DATASET CONTENT
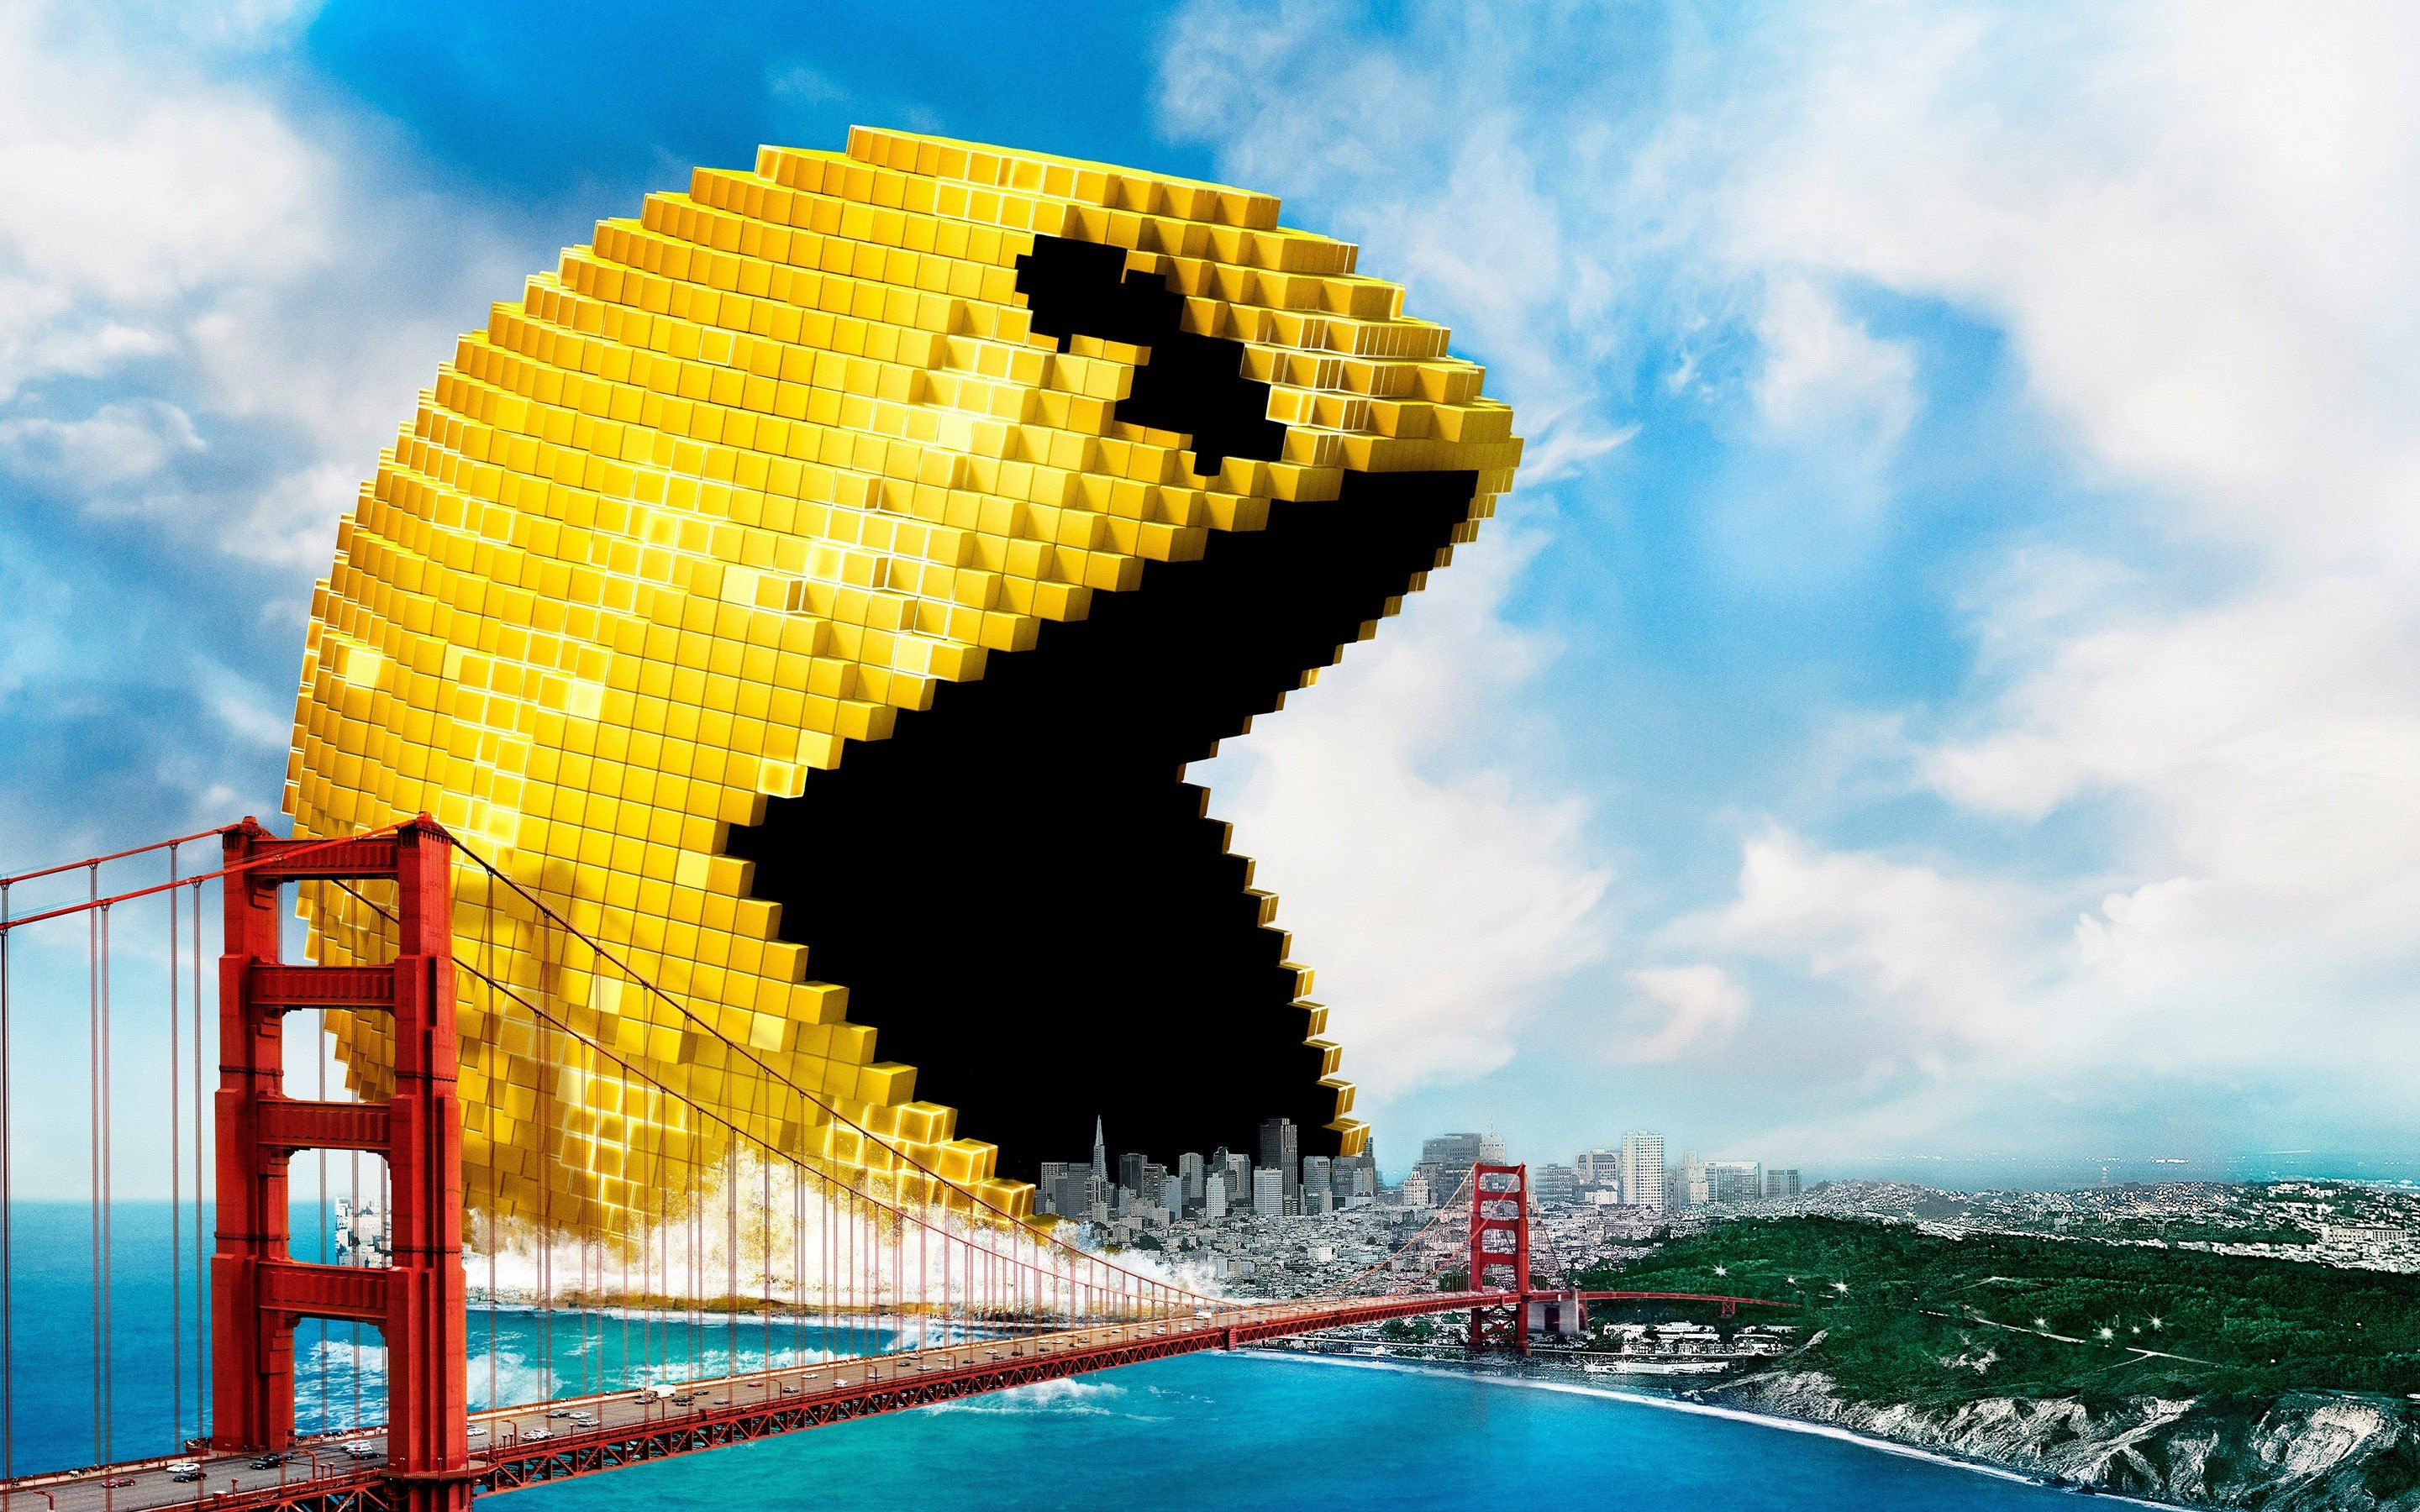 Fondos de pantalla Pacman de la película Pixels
* * *
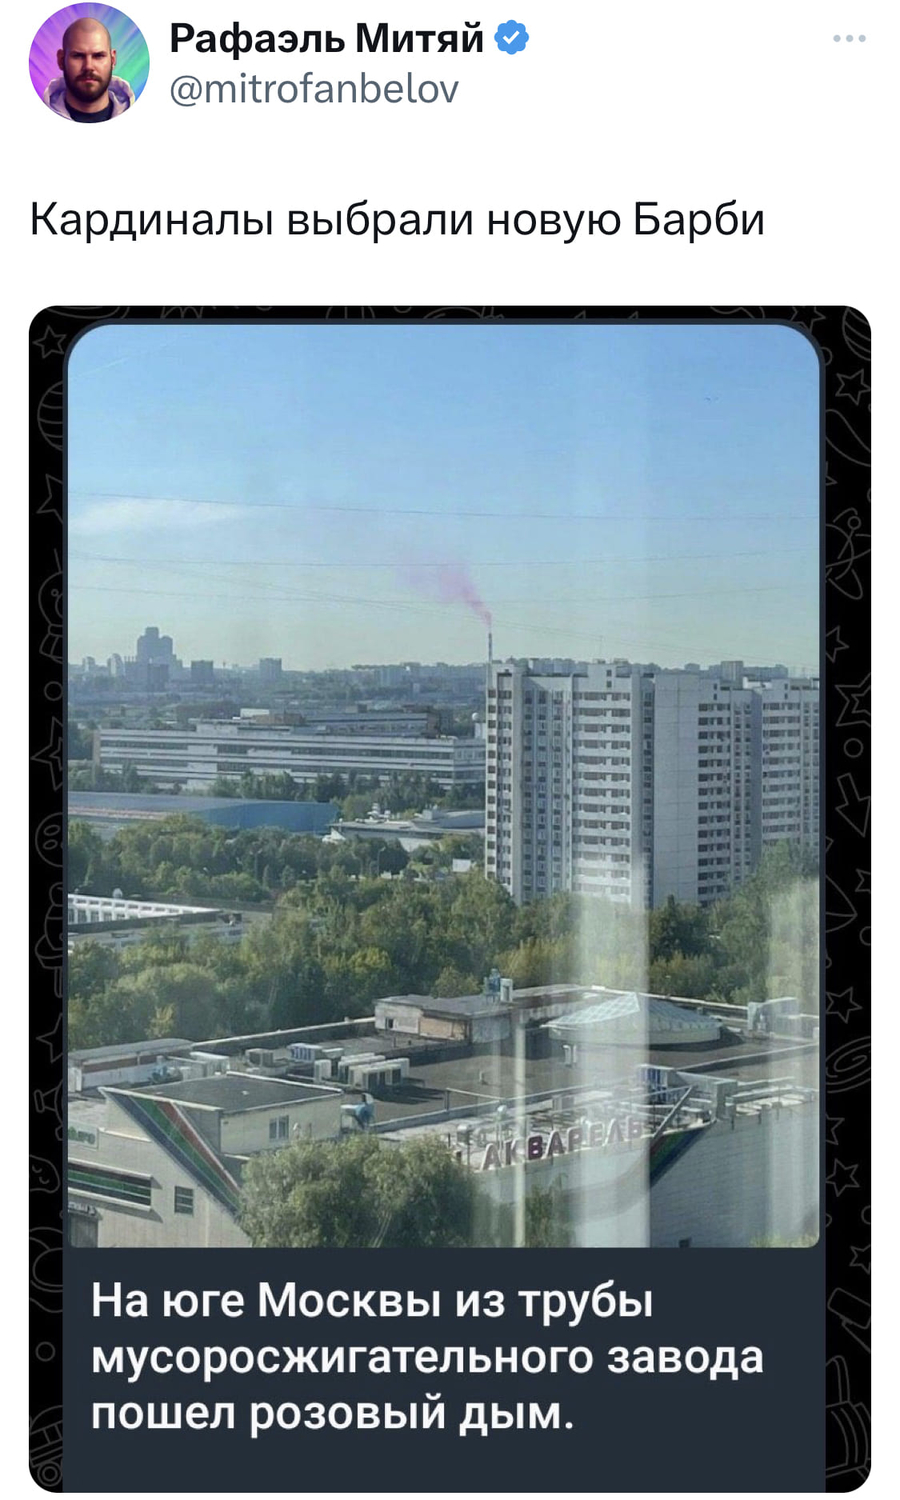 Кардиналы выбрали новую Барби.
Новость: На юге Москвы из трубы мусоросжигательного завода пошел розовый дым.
...
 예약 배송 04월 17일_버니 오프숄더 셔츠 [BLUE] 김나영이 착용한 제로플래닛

WORK TASK
Above are some records; extract exactly the lines from the one containing "Кардиналы выбрали новую Барби." through the one containing "Новость: На юге" and drop the pictures.

EXPECTED ANSWER
 Кардиналы выбрали новую Барби.
Новость: На юге Москвы из трубы мусоросжигательного завода пошел розовый дым.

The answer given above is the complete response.